Common misconceptions about the East African Common Market Protocol

Since the East African Common Market Protocol came into force on July 1, 2010,  many misconceptions  about its immediate legal implications have arisen. Below I discuss some of them;

Since the East African Common Market Protocol came into force on July 1, 2010,  many misconceptions  about its immediate legal implications have arisen. Below I discuss some of them;

Misconception No 1; East African nationals can now use national IDs to travel within the EAC territory
On 2nd July, 2010 a day after the The EAC Common Market Protocol came into force, one of TVR’s news items featured a number of Rwandan travelers who, hoping to travel to Uganda, had arrived at the Gatuna border post and presented their national IDs to the immigration officers as their only travel document.

The travelers interviewed by TVR explained that they had been informed that with the coming into force of the Protocol, one would no longer be required to present a passport or temporary travel document when moving from one Partner State to another.

Unfortunately they were mistaken and had to be turned away.  While the Protocol envisages that Third Generation (Machine Readable) identity cards will eventually be accepted as travel documents when moving within EAC territory, this dream will only become a reality when more Partner states follow Rwanda ’s lead and  switch to using these Third Generation identity cards. 

Currently all the other Partner states are at varying stages of implementing introducing this IDs.
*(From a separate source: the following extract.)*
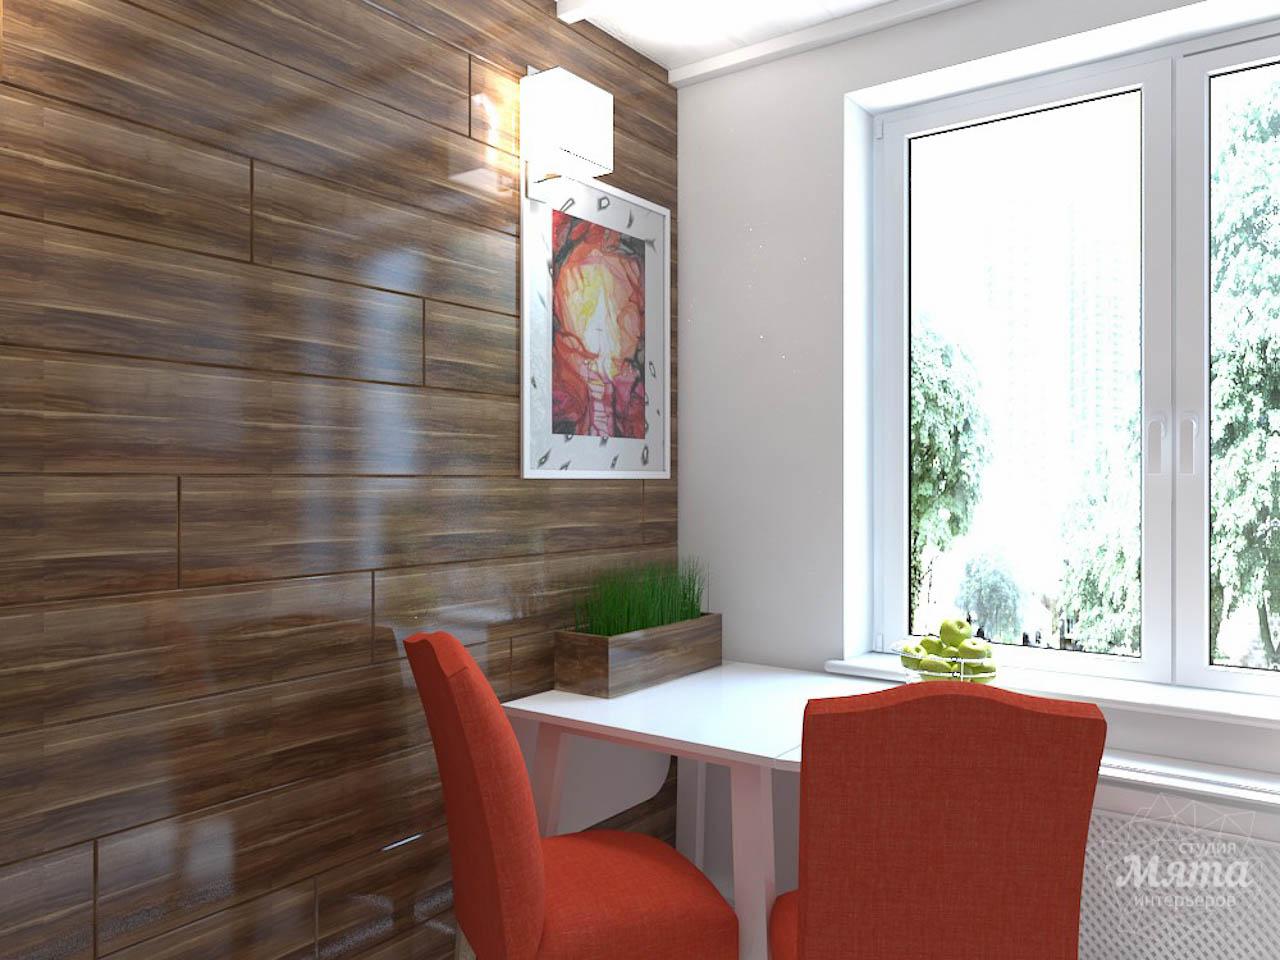 Дизайн интерьера однокомнатной квартиры в стиле минимализм по ул. Чапаева 30 img988147724

In the meantime, all East African citizens are still required to travel with their passports or temporary travel document when traveling to Partner states not being their own.

Misconception No 2.  Work permits for East African nationals have now been abolished in all East African Countries

The Protocol does not abolish work permits for East African nationals in Partner states. However, it permits East African citizens to stay in Partner states not being their own for up to 6 months without requiring a work permit or resident visa instead of 3 months as was the case previously.

After the first 6 months, an East African citizen who is employed in a Partner state not being his or her own will be required to apply for a work permit. However, Rwanda and Kenya have waived work permit fees for East African nationals work permits meaning that work permits can be obtained for free in Rwanda and Kenya. Uganda, Tanzania and Burundi continue to levy work permit fees.

Misconception No 3. East African nationals can now acquire full title to land in any Partner State
This misconception vividly captures the fears of some Ugandans and Tanzanians who believe that their cheap expansive fertile lands shall be grabbed by rich Kenyan, Rwandan or Burundian folk who do not have sufficient arable land in their own countries Such fears are unfounded.

The framers of the Protocol left it to Partner states to continue to determine their own land policy vis-à-vis citizens of other EAC Partner states. As such, Uganda and Tanzania will not be required to amend their land laws which currently limit foreign ownership of land to leasehold titles only.

They are many other misconceptions in relation to the Protocol. What is important is that we understand that the implementation of the Common Market Protocol is a gradual process, not something whose provisions took effect from 1st July, 2010. 

The Protocol lays out broadly the four freedoms it aspires to achieve in the Partner states viz, free movement of labour and persons, capital, goods and services, however, in order to give effect to these aspirations, Partner states have to amend their existing laws first.